Tout ce que vous avez toujours voulu savoir sur le monde de l’édition sans jamais oser le demander !
Julien Prouesse est un collégien de 3ème qui réalise son stage d’entreprise aux éditions Granier, un éditeur indépendant. C’est un Jacques Granier déprimé que Julien rencontre le premier jour de stage. Il lui explique les difficultés du métier avec une diffusion-distribution qui vampirise et des médias à la solde des gros bras de l’édition. Pourtant, l’homme veut relancer la machine et a convoqué les jours suivants tous les grands auteurs afin de choisir celui qui deviendra le fer de lance de la reconquête. Julien va assister aux entretiens entre Jacques Granier et ces auteurs… De Jésus-Christ à Delerm en passant par Molière, Frédéric Dard, Proust, Céline, Hugo, Wells, Vernes… et même Steevy Boulay !

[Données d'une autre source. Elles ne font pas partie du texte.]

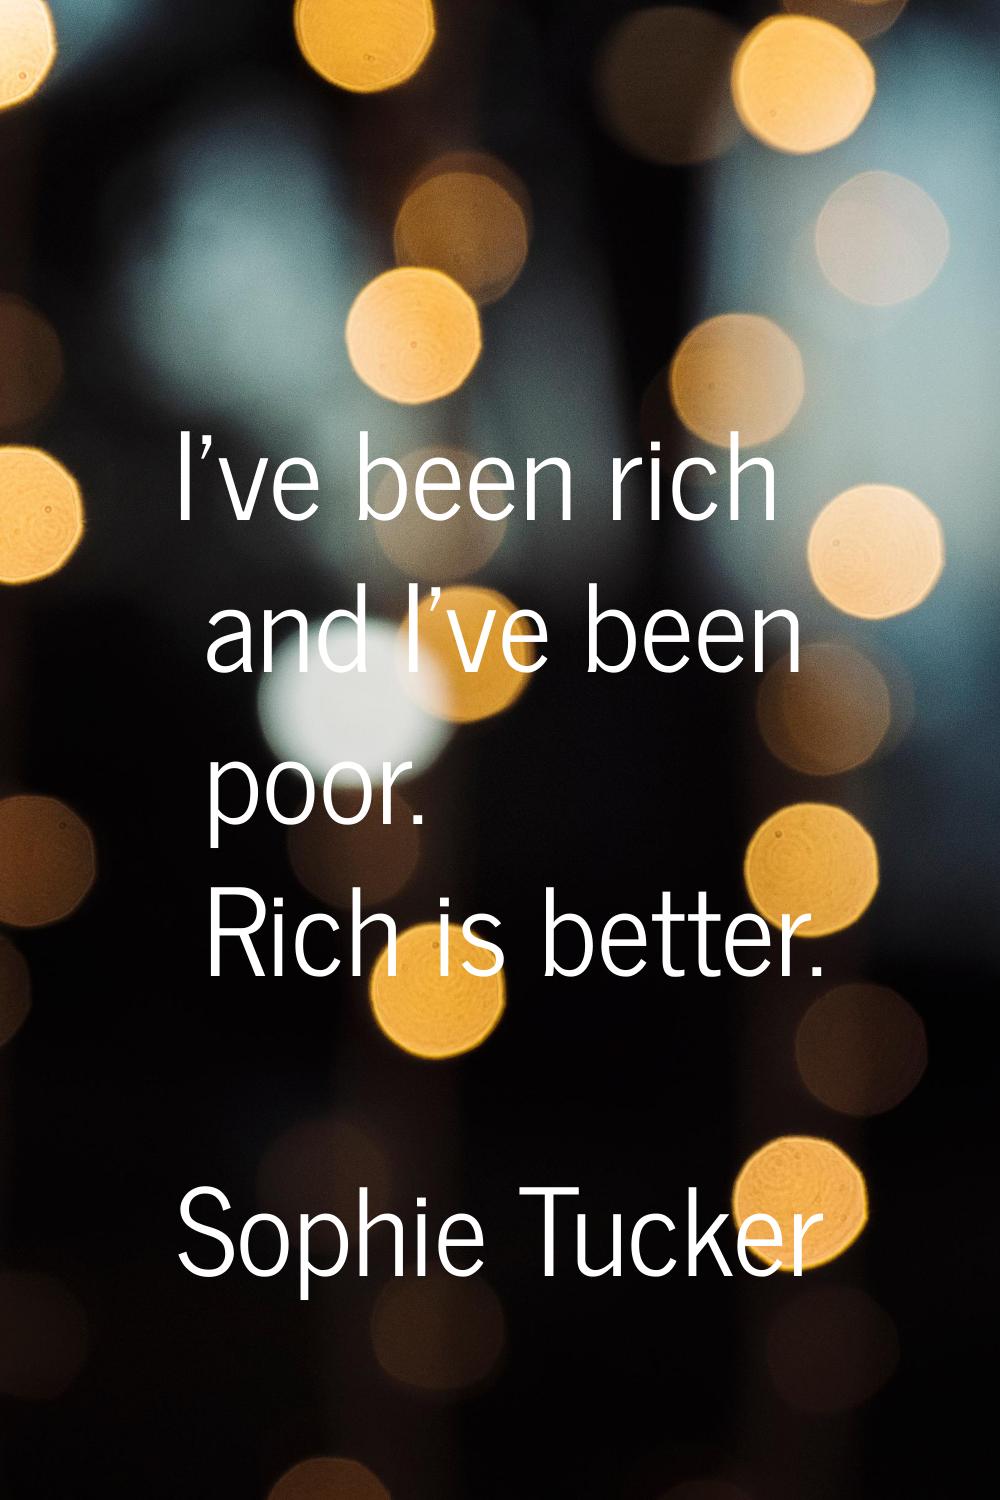 I've been rich and I've been poor. Rich is better.

Anne Pilot-Fallet, professeur de lettres, Bernard Esposito, romancier et Georges Grard, auteur-scénariste et éditeur nous régalent d’un roman jubilatoire et, malheureusement terriblement vrai dans la description du monde de l’édition. C’est drôle, enlevé, savant, original…

Les 4 premières pages:

Je m’appelle Julien Prouesse.
Et pour moi, tout a vraiment commencé, il y a un an …

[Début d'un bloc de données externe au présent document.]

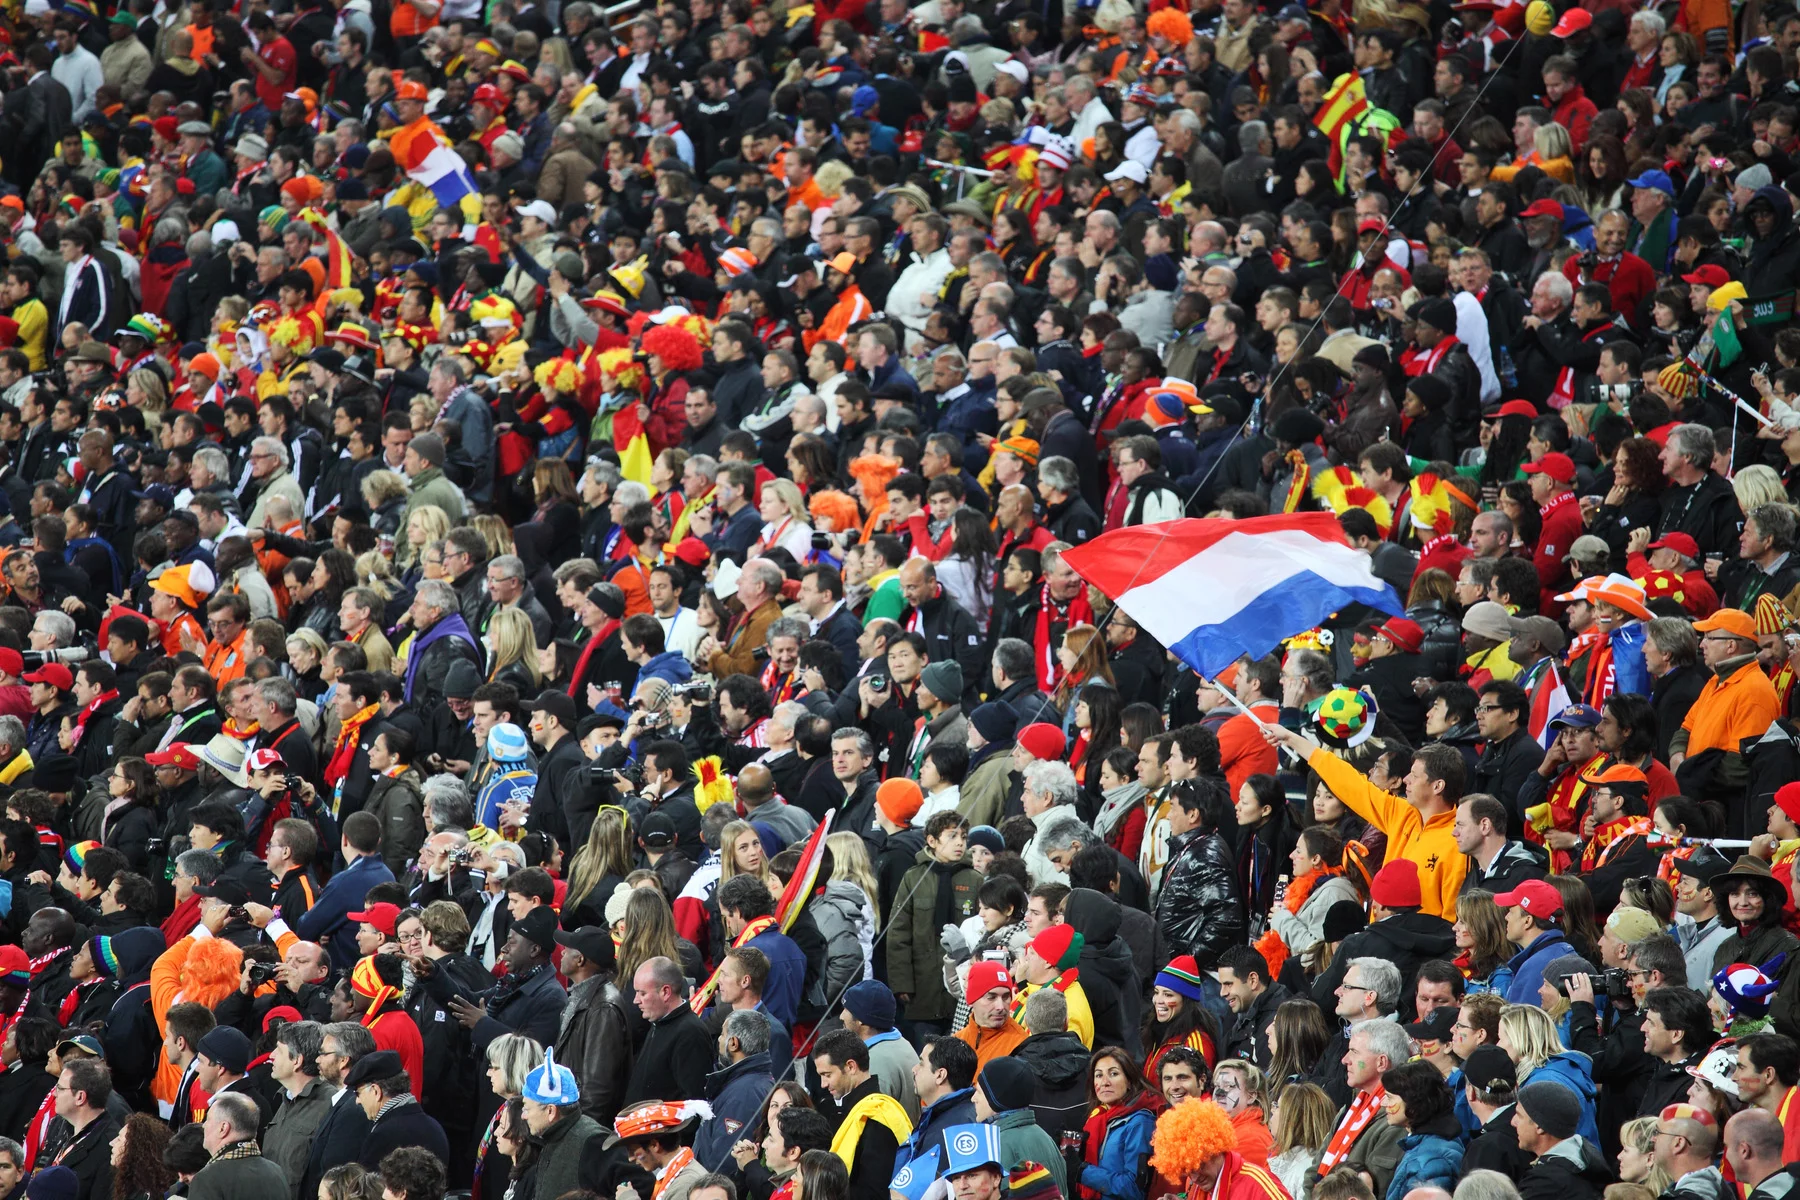 A group of Dutch football fans at the 2010 FIFA World Cup final

J’étais un simple collégien de troisième fou de musique et
de pâtisseries. Pour mon stage en entreprise, j’avais eu les pires
difficultés à obtenir une semaine d’observation aux Éditions
Granier.
Par chance, maman connaissait bien Madame Fur, la coiffeuse du
Centre Commercial dont la tante était la proche collaboratrice de
Jacques Granier, le gérant et fondateur de cette honorable maison.

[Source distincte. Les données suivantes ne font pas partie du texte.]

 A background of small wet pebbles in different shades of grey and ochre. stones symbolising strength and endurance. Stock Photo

Bien sûr, ce n ’était pas mon premier choix. J’aurais préféré une
entreprise prestigieuse de maison de disques ou une boulangerie …
Mais, c’était ainsi … Granier Éditions avait quand même une ligne
éditoriale connue et reconnue au niveau national, et l’idée même
de me retrouver dans l’antre d’un éditeur ne me déplaisait pas.
Granier n’était pas du menu fretin … Il devait sa réussite éclair
à l’un de ses premiers ouvrages qui avait bénéficié ,reconnaissait-
il volontiers, de circonstances « favorables » et exceptionnelles.
Granier avait en effet sorti une biographie d’Oussama Ben Laden
le mercredi 13 septembre 2001, livre qui s’était vendu aussitôt à
plus de deux millions d’exemplaires à travers le monde …
Fort de ce succès inattendu, il avait développé sa boîte autour de
livres de confessions si chers à la ménagère et de quelques romans
dans l’air du temps.
— Finalement, commencer par un best-seller est dangereux,
me confia-t-il lors de notre premier entretien. On croit qu’on a
la bonne formule, la bonne fortune, et que le système qui nous
a lancés va favoriser notre essor durablement … Mais ensuite, j’ai
fait de tout et du n’importe quoi ! Aujourd’hui, jeune homme, la
situation est critique. On est mal, mal, mal, mal !
Il m’avait alors dressé un tableau apocalyptique du monde de
l’édition.
— Plus de 65 000 titres par an ! C’est proprement hallucinant !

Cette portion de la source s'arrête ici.